An automated powder dispersion system (Figure 1(b)–(c)) was developed by modifying a Prusa MK3S 3D printer to uniformly deposit HDPE powder over woven UHMWPE fabrics. The print head was replaced with a custom-designed sieve assembly, enabling programmable motion and vibratory powder dispensing controlling powder flow. The custom sieve head consists of a 60 mm $\times$ 60 mm stainless steel mesh screen, surrounded by 25 mm high walls to form a powder reservoir. Several interchangeable mesh screens (m_e = 800 µm, 500 µm, 381 µm, 228 µm, and 89 µm) were selected to investigate the powder dispensing rate and effectiveness. A Vibronic 6.4G DC vibration motor was mounted next to the powder reservoir to assist powder flow through the mesh during motion. The vibratory motor was connected to a controller that initiated vibration only at the beginning of each programmed dispersion path, minimizing powder waste and improving consistency. Three voltages (V_o = 3.3 V, 5 V, and 9 V) were investigated to achieve different vibration intensities (i.e., frequency and amplitude) in this work. To enable motion-controlled deposition, the system used the original Prusa motion platform and firmware, operating at three selected sweeping speeds (V_s = 25 mm/s, 50 mm/s, and 100 mm/s) and a fixed sieve height of 125 mm (measured from the bottom of the sieve to the mold) modified through custom G-code instructions. Three dispersion paths were also implemented in the G-code scripts, as shown in Figure 3(d): (1) a single path across the mold area; (2) a one-directional raster pattern with 20 mm step spacing; and (3) a crosshatched raster pattern with 20 mm step spacing, involving sweeping in both horizontal and vertical directions. Vibration was initiated for approximately 2 s to achieve a stabilized condition before conducting powder dispersion along the designed path.

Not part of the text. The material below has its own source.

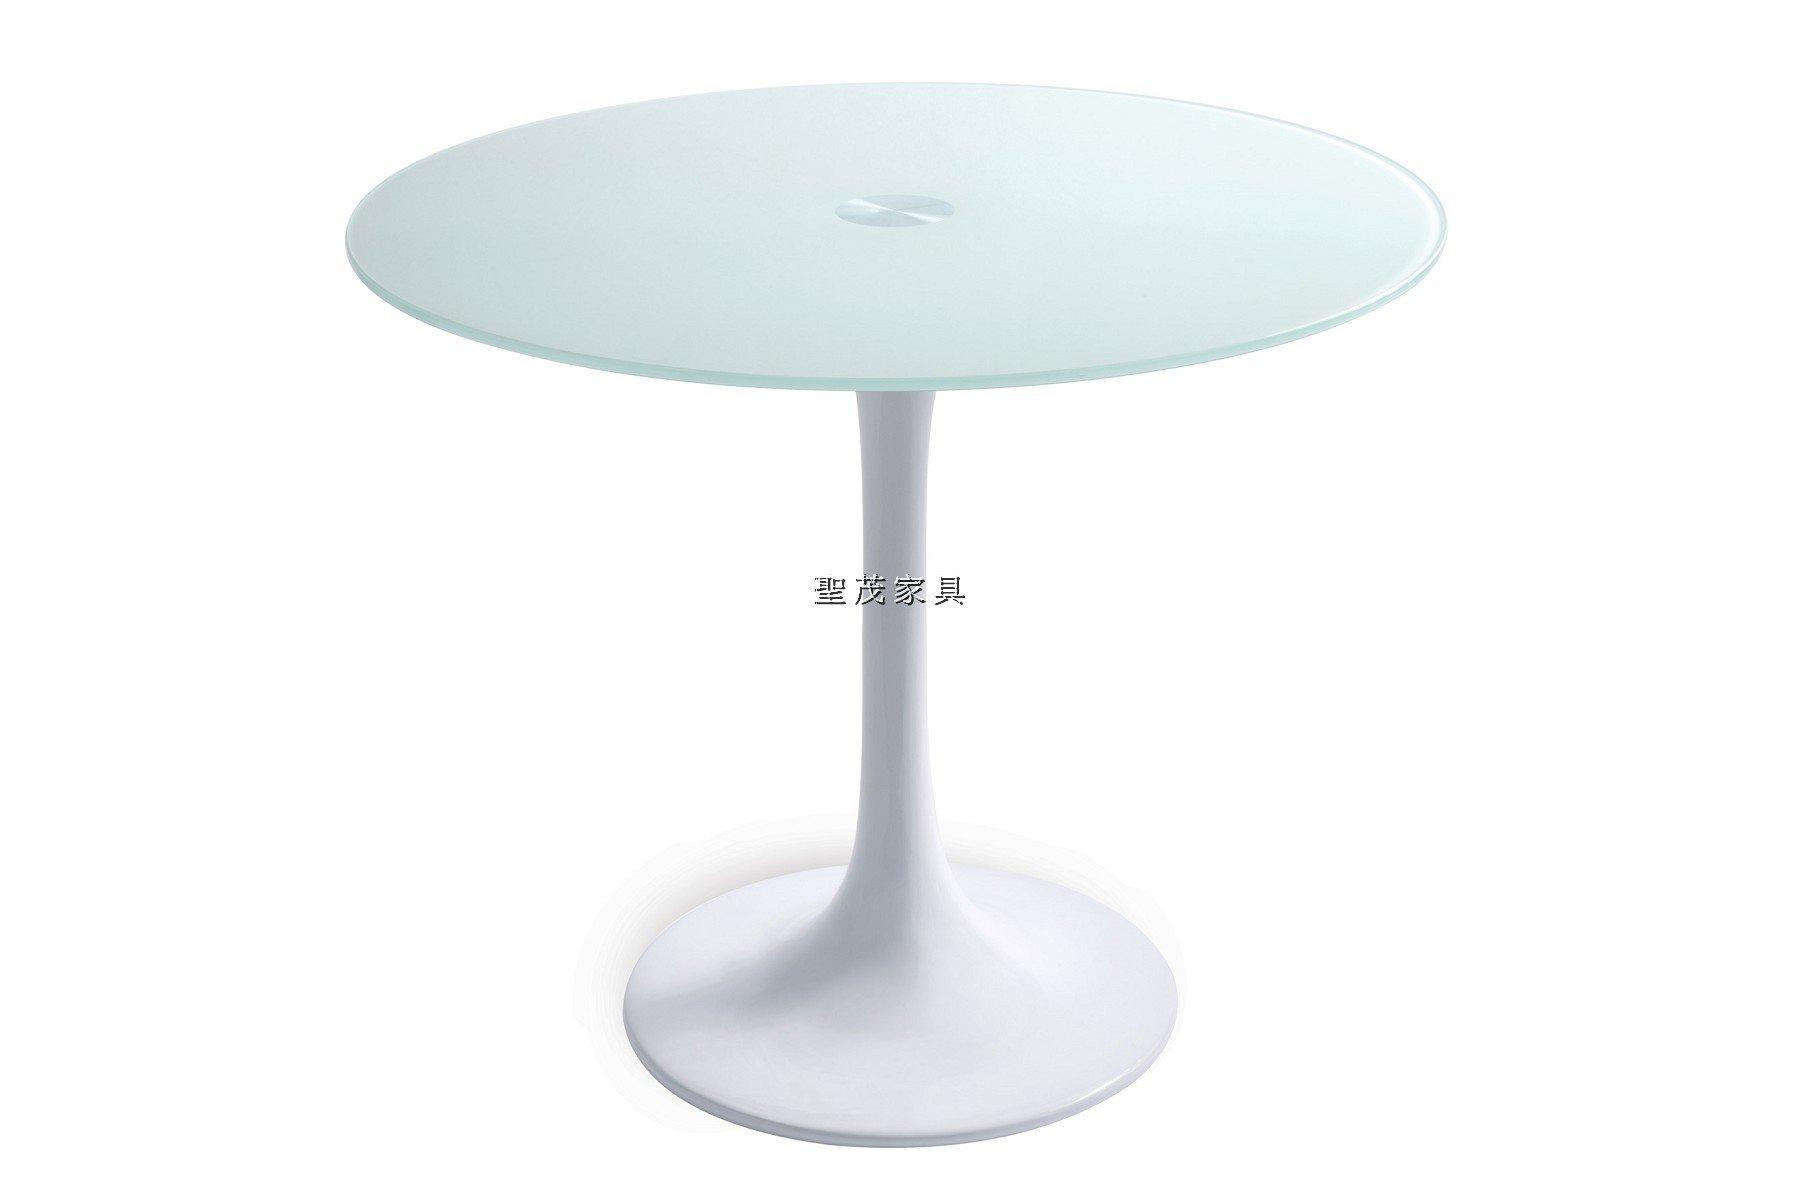 聖茂家具 高特鋼製家具 休閒桌 公共區域 工業風 美式洽談桌 Resolute A-936 造型桌 餐桌 圓桌 玻璃桌

Powder was dispensed directly into a mold cavity of 127 mm $\times$ 178 mm where the woven UHMWPE fabric was pre-positioned and fixed in place during deposition. Each pass deposited powder onto the fabric surface in a layer-by-layer manner prior to consolidation. In this work, composites were fabricated using two layers of UHMWPE fabric and three layers of HDPE powder as illustrated in Figure 1(d). The final step to fabricate the composites requires compression molding, which will be discussed in the next section. It is worth mentioning that, in this work, composites with only one fiber volume fraction ( $V_{f}$ = 30%) were fabricated and tested to demonstrate the proposed manufacturing capability, while higher $V_{f}$ values of up to 50% were achieved by varying the voltage, mesh size, and dispersion time. However, the powder distribution uniformity at higher $V_{f}$ values was relatively lower than that at 30%. This aspect is considered by the authors as future work to further improve the uniformity of powder distribution for composites with higher fiber volume fractions. Here, the fiber volume fraction was defined as the weight fraction of the fabric layers divided by the total weight of the composite, since the densities of the UHMWPE fabric and HDPE matrix are nearly the same.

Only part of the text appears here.